5 Strategies to Cope with Depression in Your Workplace

Today, more adults suffer from anxiety, depression, or other mood disorders than ever before. Although you are struggling, you likely still have to manage the expectations of your job. Mental health issues do not respect your work hours, making it hard to get through the workday or week when you aren’t feeling your best.

Depending on your job’s demands and the availability of support offered, your workplace may be contributing to your stress levels and mood problems. Find out what depression in the workplace looks like and the five steps to start feeling better.

Depression Manifesting in Your Work Life

While you may know what your depression symptoms look like at home, you may be missing some key indications you are depressed at work. They include:

  • Your performance is slowly declining – You used to enjoy what you were doing and were easily motivated. Now, you are moving more slowly and struggling to complete daily tasks or meet deadlines.
  • You struggle to connect with your colleagues – You used to chat lightheartedly, but now you don’t laugh or find entertainment in the topics your colleagues are discussing.
  • You feel low on energy – You may start to feel sad at work or want to go home to bed. Or, you might feel like everything easy is now challenging.
  • You can’t let go of mistakes – You may start to fear failure or further mistakes, which affects your self-confidence. You will begin to procrastinate or be unable to make decisions.

1. Find Your Support

While it might be challenging to continue to connect with your work colleagues, find a trusted friend that can help you through this difficult time. It is better if they are at work with you, but a friend you can meet at the end of your day or for lunch will help too. You may be surprised to find some of your work friends are going through something similar. Don’t suppress and hide your feelings. Solidarity and a group chat go a long way to understanding that you’re not alone in your struggles.

2. Speak Up

You might not want to talk about what you are going through with management. If you need to take more than your sick or mental health days allow, sharing what you’re going through with your boss or HR can have a positive impact.

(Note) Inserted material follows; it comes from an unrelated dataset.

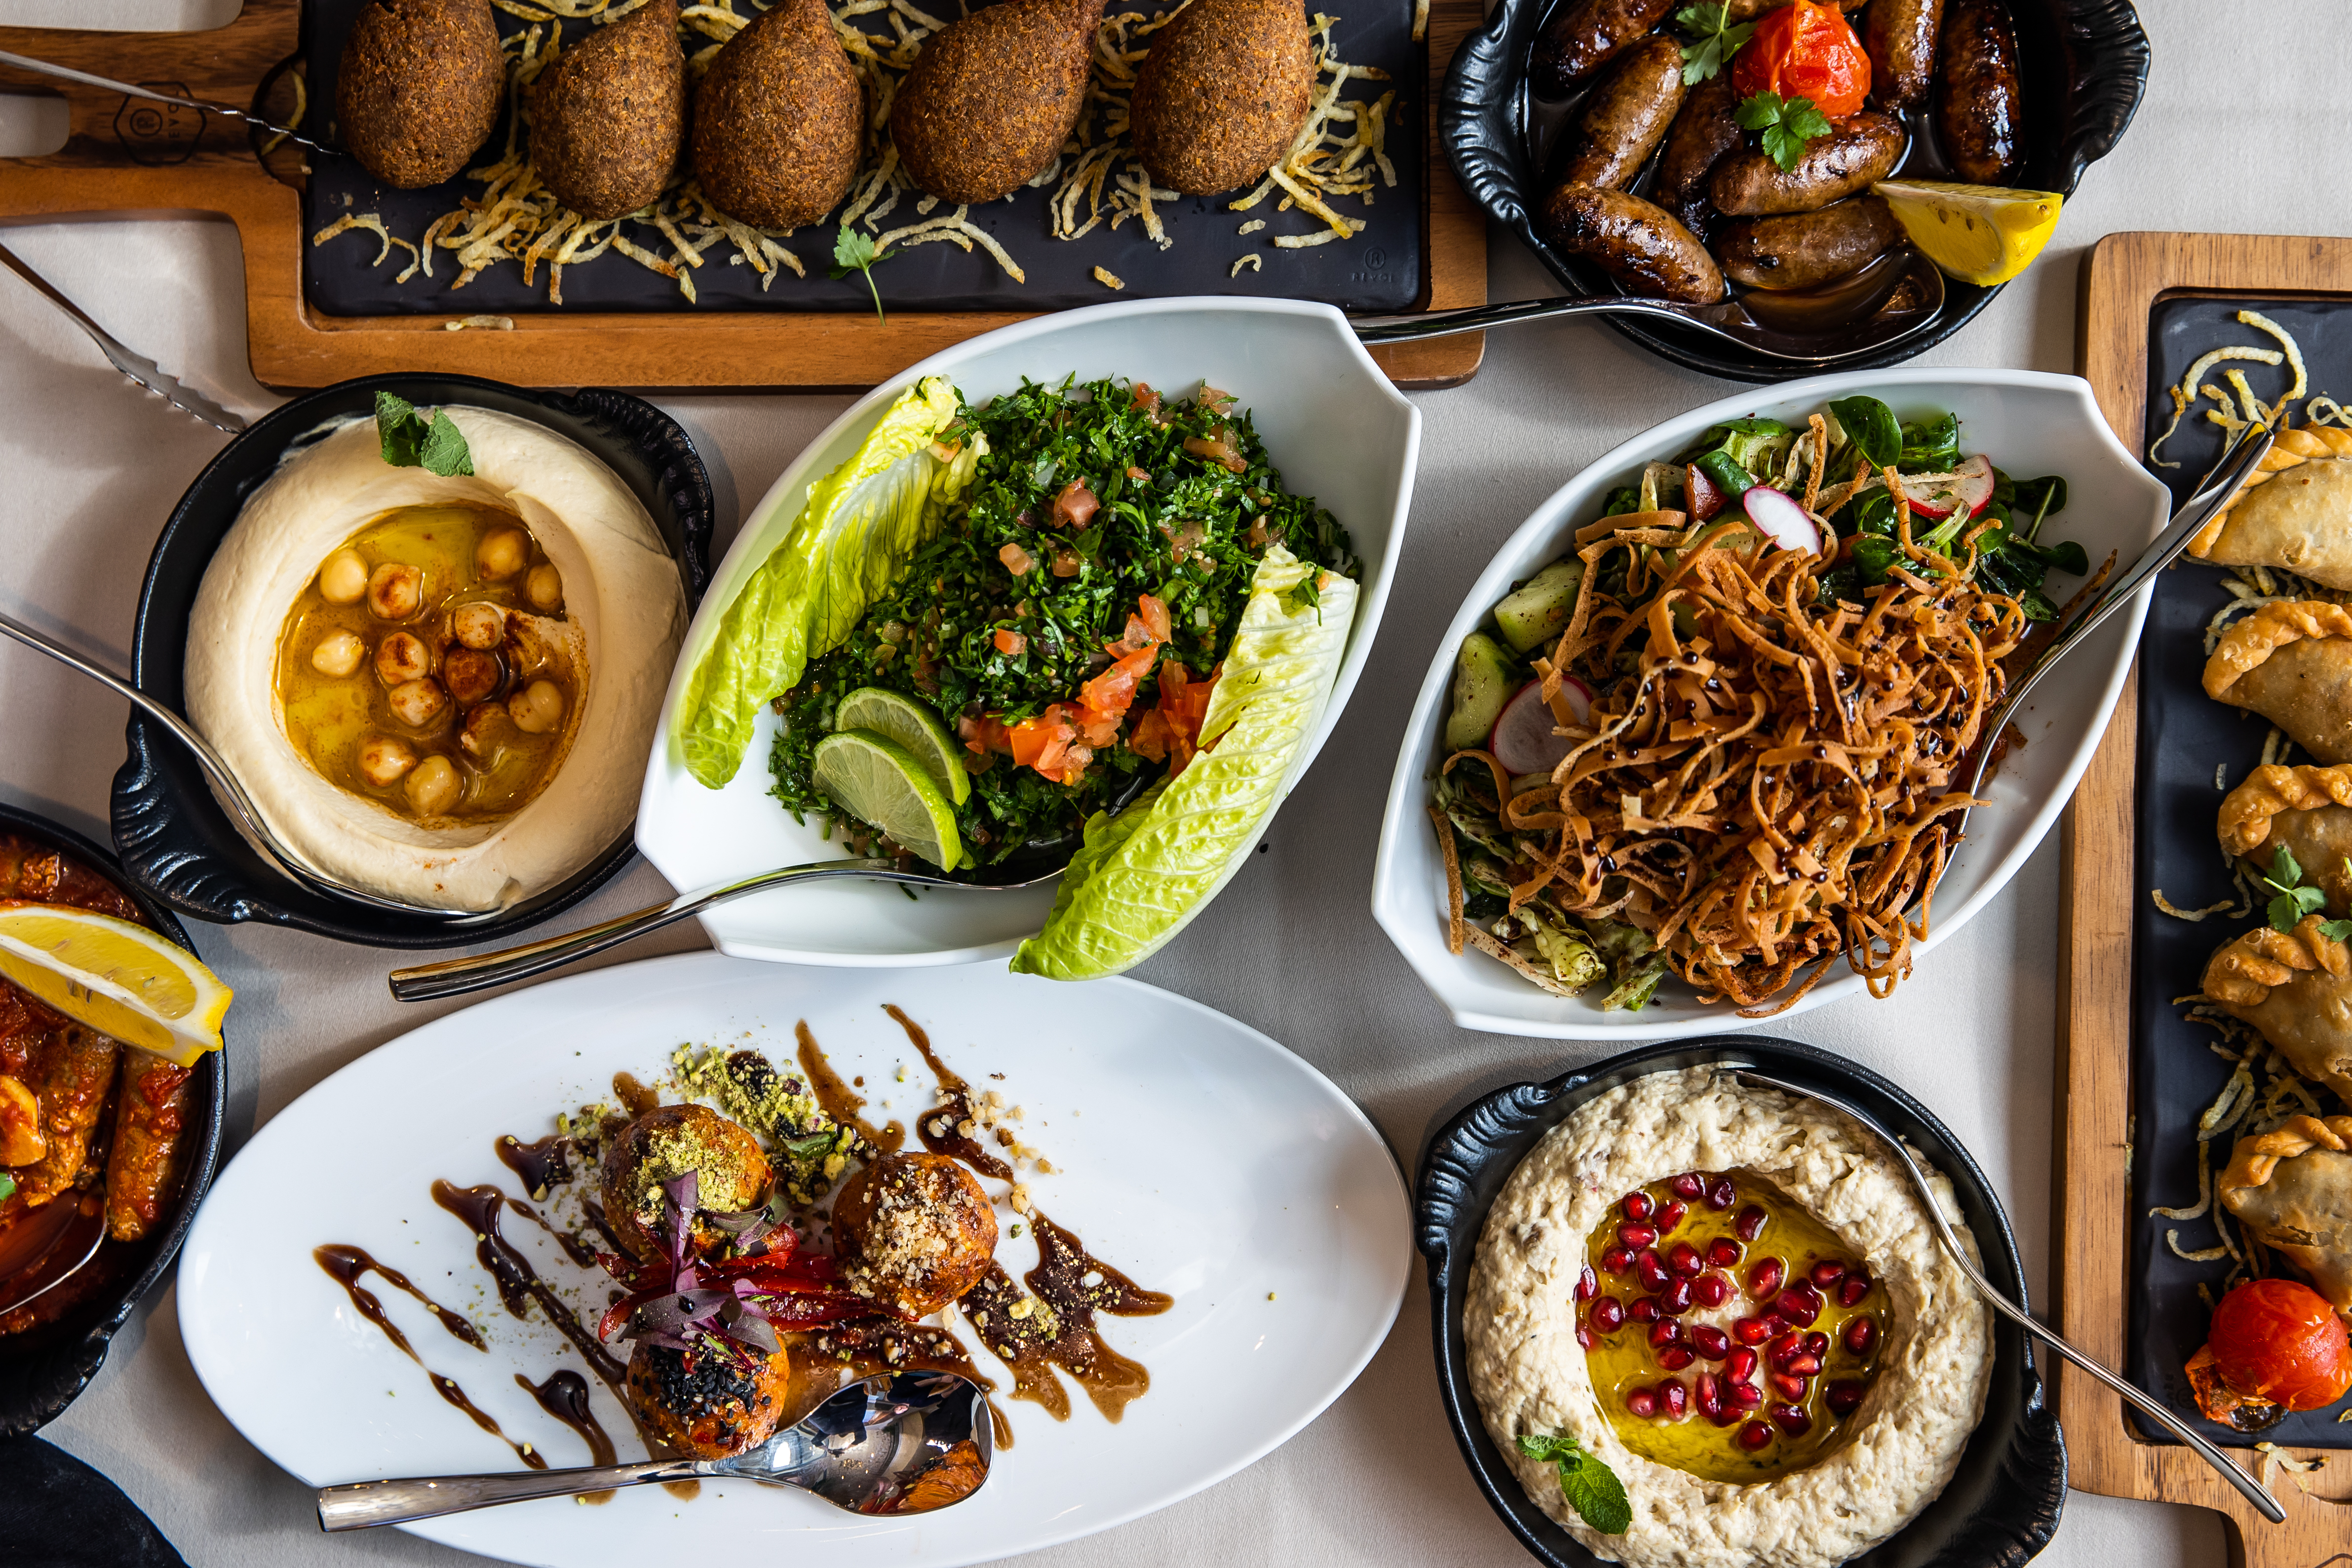 A közeli Kelet ízei – Kedvenc közel-keleti konyháink Budapesten

If you don’t have that kind of relationship with your supervisor, consult with HR to determine the best approach. You are entitled to ask for help with your workload or take leave due to your medical condition. You may be hesitant to share specifics about your health with anyone at your workplace. Still, it can help you maintain your professional reputation and avoid breaking down and falling behind.

3. Take Care of Yourself

A critical factor in your professional success is taking care of yourself. You may be ignoring your symptoms or be so busy that taking time for yourself seems impossible. If you spend some valuable time doing things that make you feel better and improve your mood, you will be a better and happier employee. If your work cannot see or honor that, it may be the best time to seek a new opportunity. If your workplace environment or colleagues contribute to your depression, that is another reason to start the job search.

4. Set Goals

Depression can cloud your thinking and make it difficult to focus. Be realistic about what you can accomplish, and set clear daily goals. Create a to-do list every morning and highlight your top three for the day, ensuring you meet the most immediate needs first. Schedule extra time to review essential emails or memos and to prepare assignments.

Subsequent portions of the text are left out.